# My dog is awesome!



## Raisedbyshepherds (Mar 30, 2017)

Had to bragg. So excited! This evening David Bowie Jr just put 21 chickens back in the coop on his own. Had 1 straggler Orpington who wouldnt come out of a clump of bushes. I helped him out and he got that one in also finally. Had to reign him in for a second, he got too excited and grabbed the chicken ARGH! Told him AH-UH! In a stern tone and he let go and got the little PIMA cooped up. I swear every day he gives me something more to be proud of. 
7 1/2 months old and cooping up chickens. 
Never had a shepherd with chickens before so nothing to compare him to in personal experience but this is awesome for me!


----------



## Pirates Lair (Aug 9, 2011)

Congratulations!

David Bowie Jr sounds like a K9 Pirate to be reckoned with!


Kim


----------



## Jenny720 (Nov 21, 2014)

Sounds like he found his niche!!!! Great work!


----------



## Apex1 (May 19, 2017)

Wow that is very cool, i would be super proud. Good job


----------



## tim_s_adams (Aug 9, 2017)

I want video! Honestly have never seen a GSD herd anything...

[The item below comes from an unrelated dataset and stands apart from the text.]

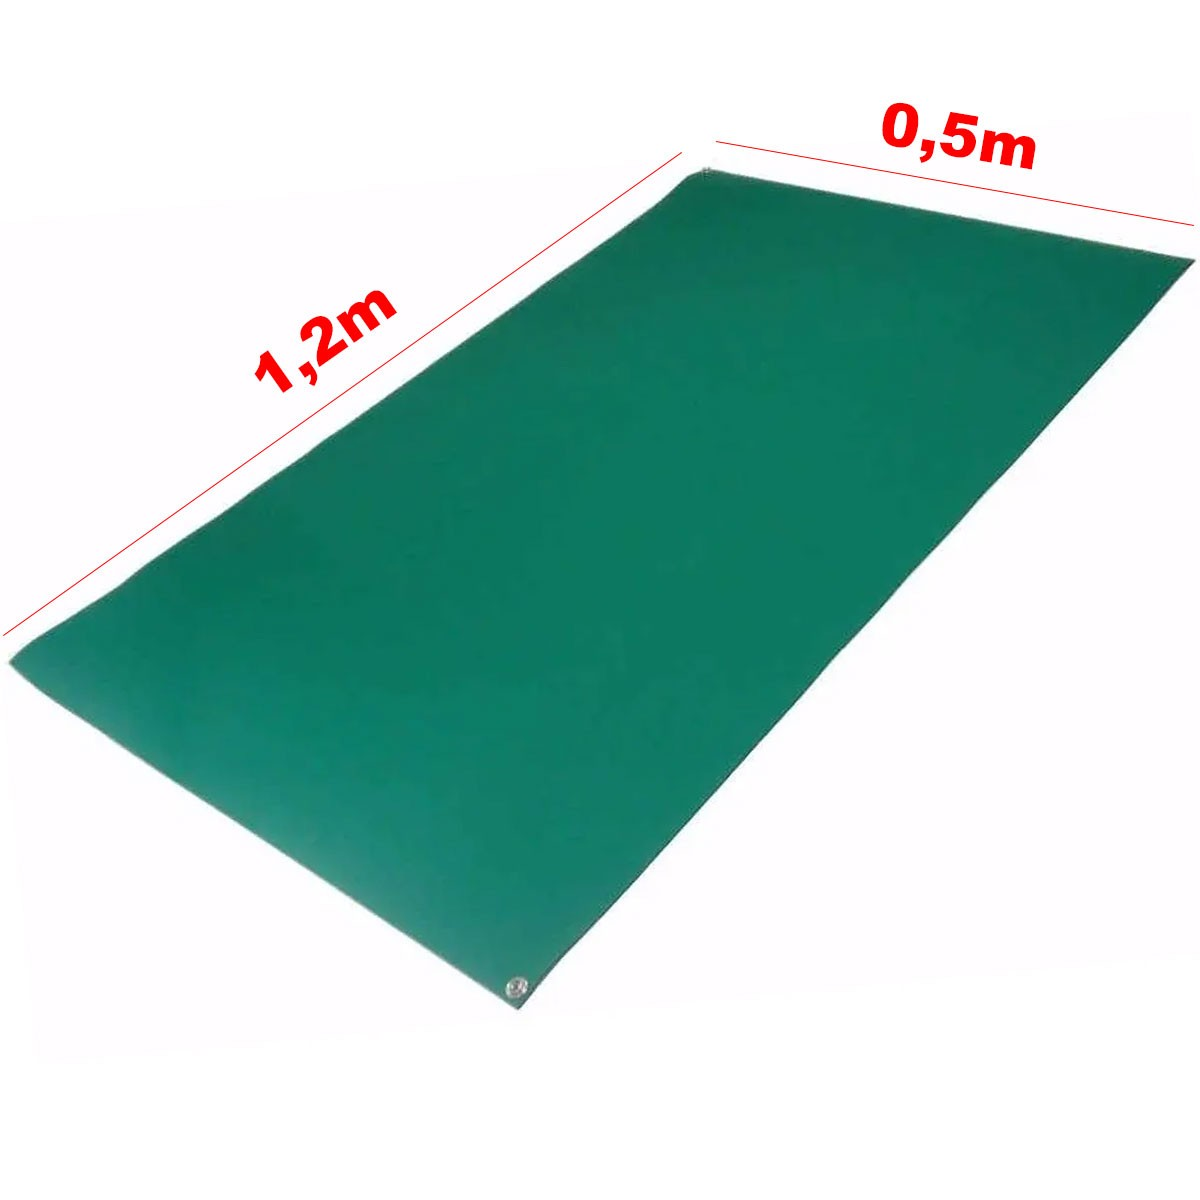 Manta Antiestática de Bancada - Hikari 1,20x0,50m Cor Verde
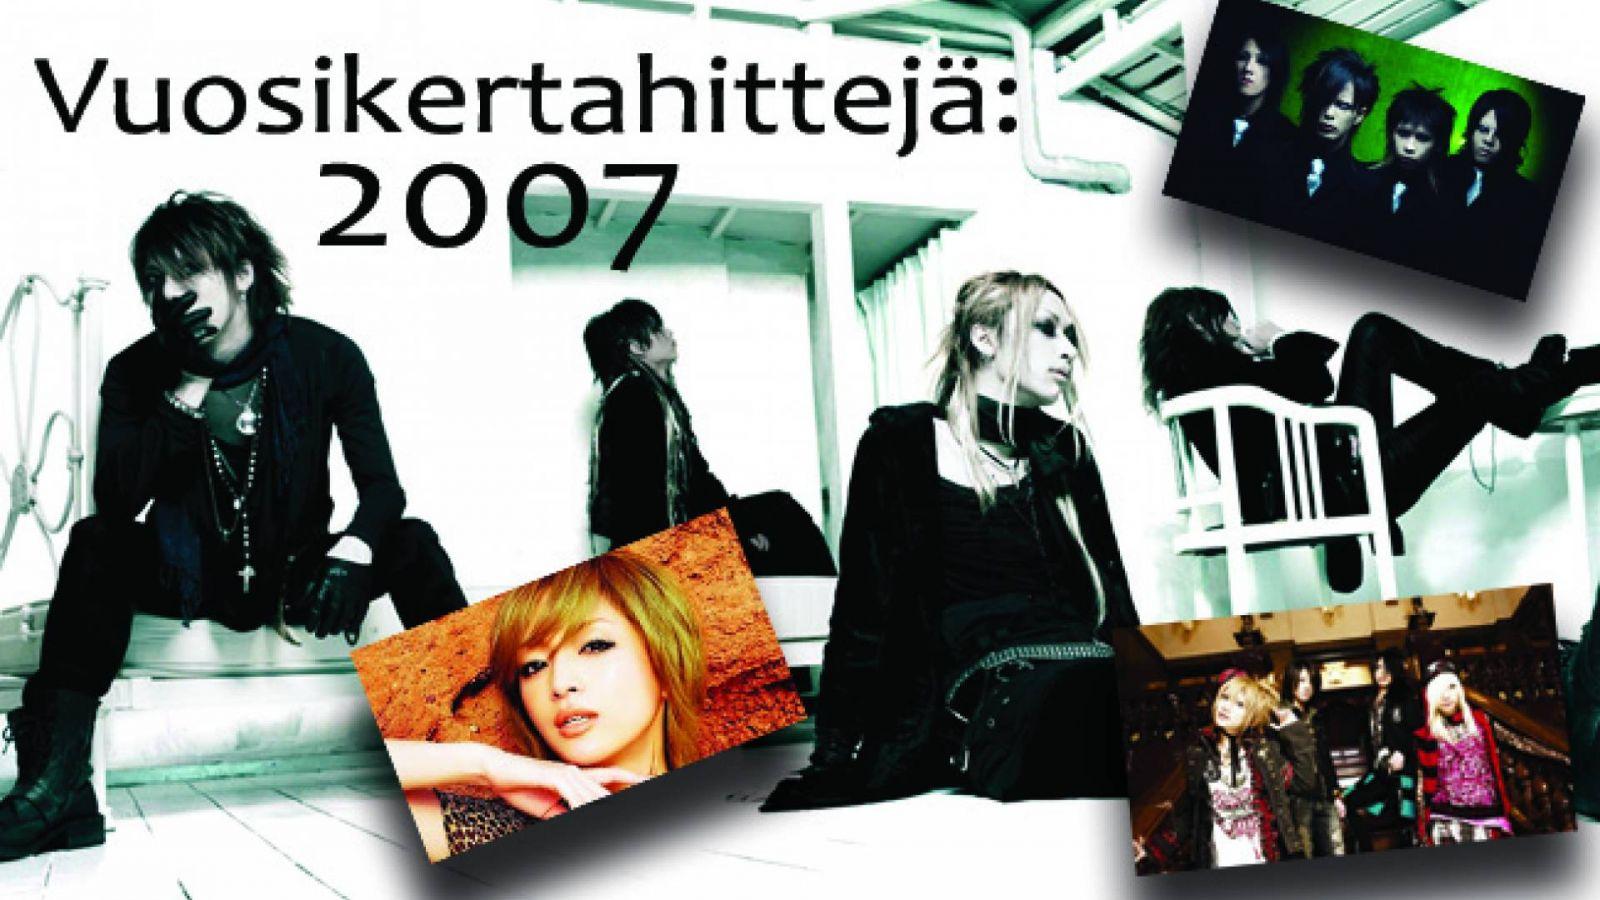 Vuosikertahittejä: 2007 © JaME Suomi, Niina Pasto

And, in fact, was reading a document on a website recently, intended for new GSD owners, suggesting that they are not real good with any livestock...which to me seemed a bit ironic?

At any rate, a HEARTY CONGRATS for the success! Did I mention that video would be great...yeah, yeahI thought so...?


----------



## Pirates Lair (Aug 9, 2011)

tim_s_adams said:


> I want video! Honestly have never seen a GSD herd anything...
> 
> And, in fact, was reading a document on a website recently, intended for new GSD owners, suggesting that they are not real good with any livestock...which to me seemed a bit ironic?
> 
> At any rate, a HEARTY CONGRATS for the success! Did I mention that video would be great...yeah, yeahI thought so...?


For a second I thought you were serious!

Thanks for the laugh!


Kim


----------



## Raisedbyshepherds (Mar 30, 2017)

Thanks everyone! Would love to post a video but I am really not good with computer stuff...
He surprised me cause we havent been training him to do it. He's been tagging along with me on the daily chores since we got him as an 8 week old pup, and we just recently got him to the point he can be off leash around the birds consistently without attempting to chase. 
If I'm too slow getting around to evening chores he's let me know its time for awhile now by pestering and wanting me to go to the coop area with him. Its kind of neat havent a dog that reminds me its time lol. 
This is my first gsd with farm animals, so I cant really say how they are with livestock from experience, but he came from a breeder who has been who lived many years of her life on a farm, and breeds for dogs who are good with critters. It was one of the big reasons we went with a puppy from her.


----------